Would be very glad if one of you could help me.

----------

## Cintra

That would be very nice! 

Unfortunately there seem to be no Bluetooth apps allowing that, but pls let us know if you come across one  :Wink: 

I got IP Passthrough working on XP via the ca-53 cable using Nokia Network bridge, but who wants to surf with a 1 metre long cable connection. Maybe its early days yet for the E60/61, but I don't understand Nokia's thinking here.

Mvh

Sorry, after re-reading your post I see you want to surf from laptop through your phone, not the reverse..

Perhaps one of these is what you need http://tinyurl.com/glxfh  :Wink: 

----------

## nobspangle

I think you just need to treat the phone as a dialup modem and dial the number *99#1 that should connect you to the first network connection set up in your list.

I've never tried that on linux, but I use it on Windows all the time with both GPRS and UTMS connections

----------

## vad3r

I created a lot of pppd scripts for this purpose but nothing seems to work. But i think the problem is the connection to the device. Using rfccomm i can bind to the interface. I can see that i'm connected on the phone too. 

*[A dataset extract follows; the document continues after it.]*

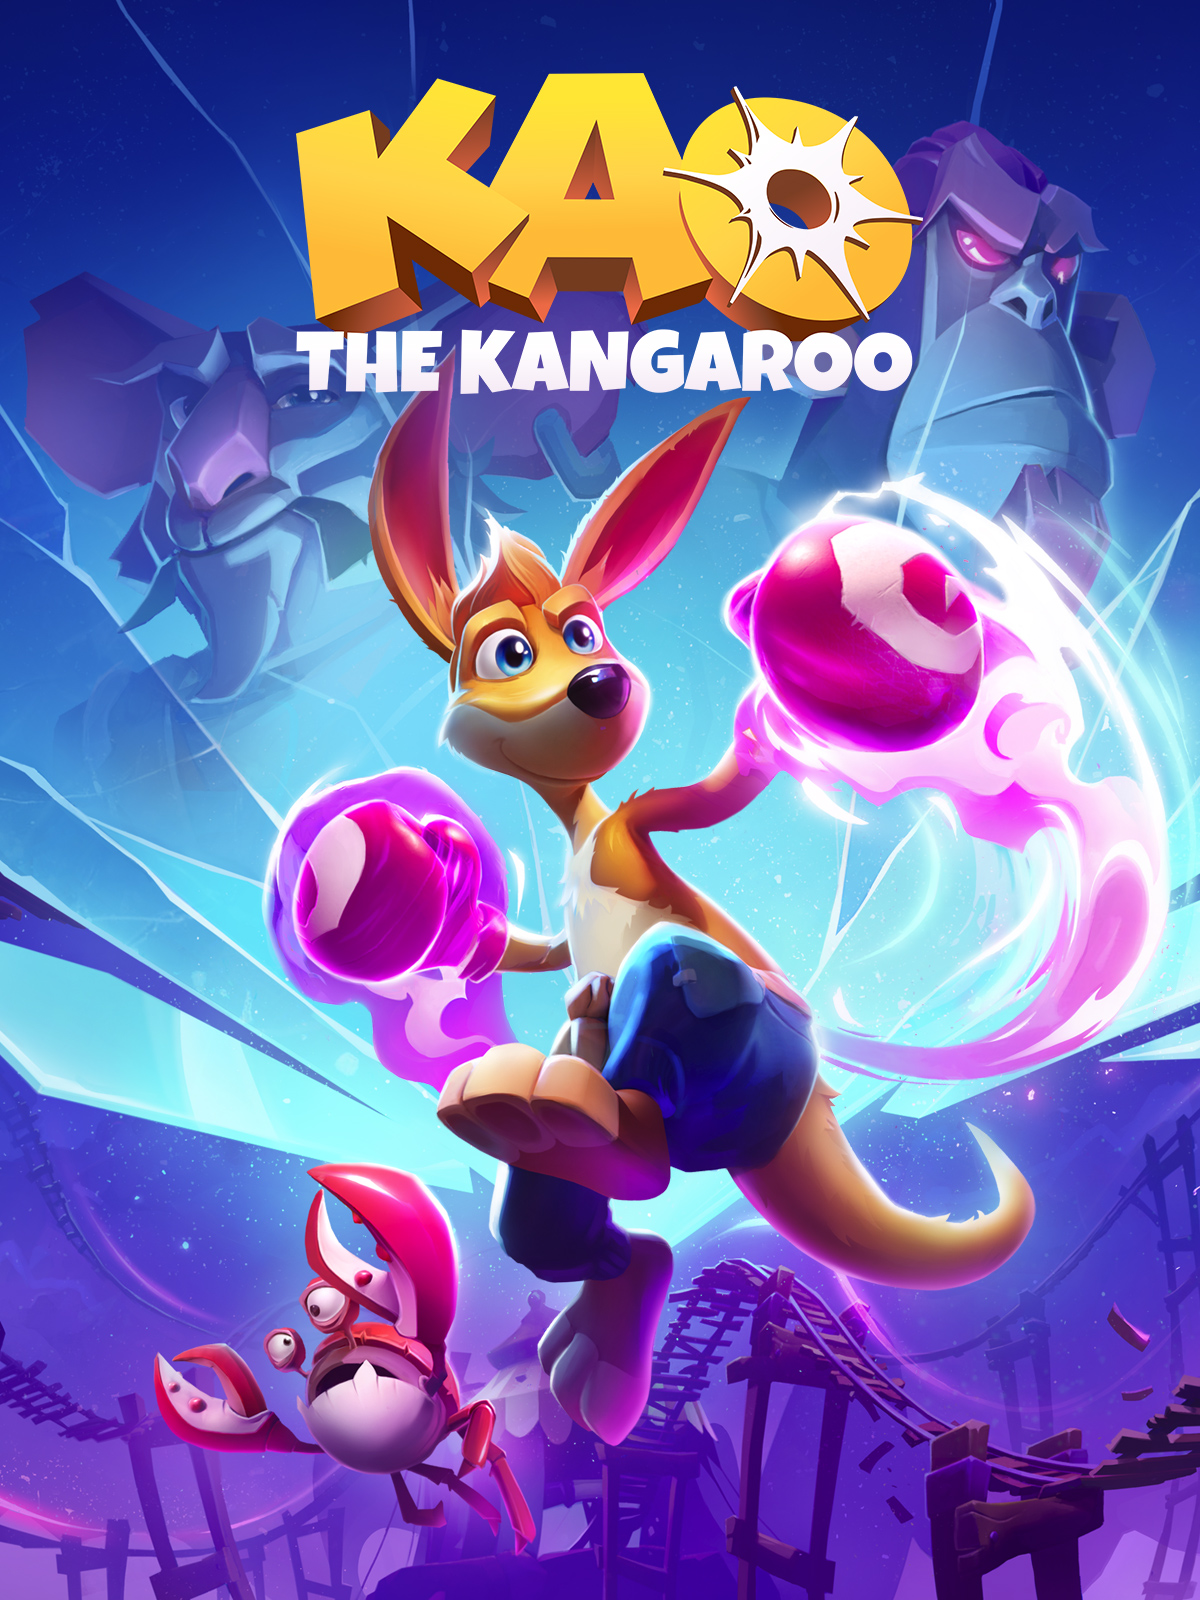 Kao the Kangaroo

I think i should be able to connect with minicom the the phone and send AT commands. But i can't issue a single command. That's very strange for me. I found out that you need a 16 number pincode if you wan't to access the SIM card in the phone. But that's all i found in the handbook  :Sad: 

----------

## vad3r

I finally solved it. An excellent documentation can be found at 

http://www.marcushellberg.com/pages/projects/nokia-e-series-gprs-settings.php

Seems to work fpr all S60 phones. Worked for me (Nokia E60 and Vodafone UMTS) within a minute   :Very Happy: 

----------